Dear Reviewers (R1, R2, R3, and Meta-reviewer),
We truly appreciate your positive and constructive feedback. We will carefully incorporate them in the final version, including fixing typos, adjusting the figures’ axes labels, adding loss function and prediction probability formulas (R3), and an implementation section to report model training and prediction performance (Meta-reviewer). Our plan is to extend our analysis to all 6 subtypes of the TCGA-SARC dataset to include 200 cases. Response to reviewer #1: As recommended by R1, we will compare our uncertainty-aware approach with SOTA. It is important to highlight that the suggested Blue Ratio and similar measures are limited in analyzing diseases given the high variability in tissue structures across different subtypes, and often with cellular compartments with low blue intensity (e.g., fat cells). Furthermore, these measures do not measure the uncertainty we wish to extract from tile prediction.

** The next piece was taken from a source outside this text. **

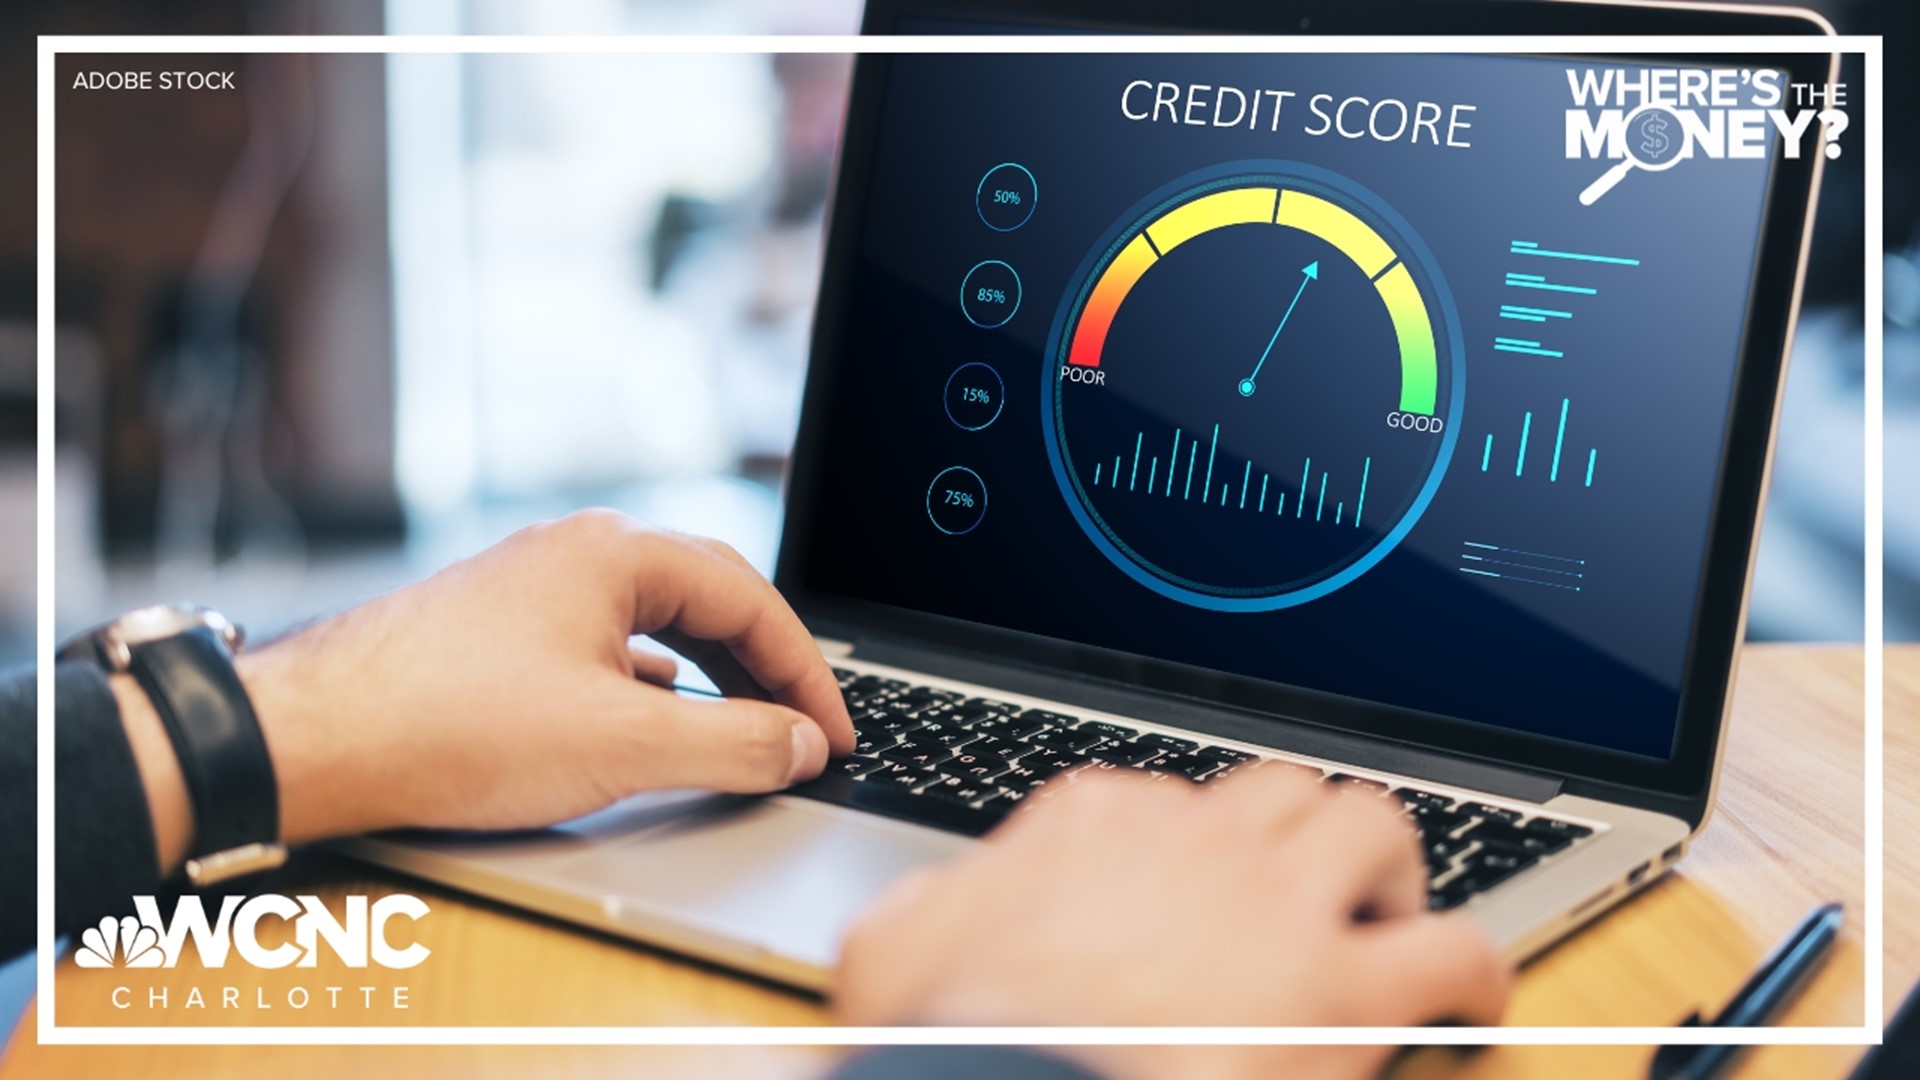 A report from the online magazine Money found the average credit score dropped for the first time since 2009.

Response to reviewer #2: Regarding the size of the dataset, TCGA-SARC is relatively the smallest cohort, constituting 1% of all adult cancers. Our work presented a method to handle datasets of small sizes robustly. It reduces the reliance of weakly supervised methods on large amounts of training data. R2 stated the lack of normal controls. We would like to clarify that TCGA-SARC carries only tumor slides, containing non-tumor regions with additional diagnostic grades as weak labels for entire slides. The tile labels are collected annotations of demarcated tumor and normal regions. Therefore, a direct comparison of tumor and grade classifiers would be unreasonable. However, a grade classifier can infer tumor tiles by their low uncertainty measure. Further, we incorporated the CPTAC dataset, an additional sarcoma dataset that provides tumor and normal WSI-labels. Our approach showed promising results with 87% accuracy and F1-scores of .91 for normal and .76 for tumor. The work identified low predictive uncertainties of the three grade classes to represent tumors. The additional validation will be incorporated in the final paper. We also thank R2 for providing additional references. Given the nature of our proposed approach and dataset, we focus on the issue of processing small and weakly labeled datasets to improve classification accuracy. The referred papers [2, 3, 4] proposed work for substantially larger datasets. Paper [1] had a similar sample size and a technique similar to our proposed approach. We will discuss the similarities and differences of this paper in the related work section. Response to reviewer #3: Regarding the correlation between uncertainties and their predictive errors, we found that a quadratic polynomial model fit the data better than a linear model, as the quadratic model had a higher R-squared. We also noticed that grade 2 showed lower uncertainty than the other classes, as shown in Figure 4, suggesting that adding additional samples from the minority classes would improve classification performance. Response to Meta-reviewer: Our initial SOTA comparisons included different loss functions, such as SCE, OR, etc. that were used previously to handle noisy data. However, we acknowledge the value to expand comparisons to other weakly supervised approaches, like Chowder [Courtiol et al., 2018], and to widely studied and weakly labeled data sets, like the Kather et al. dataset.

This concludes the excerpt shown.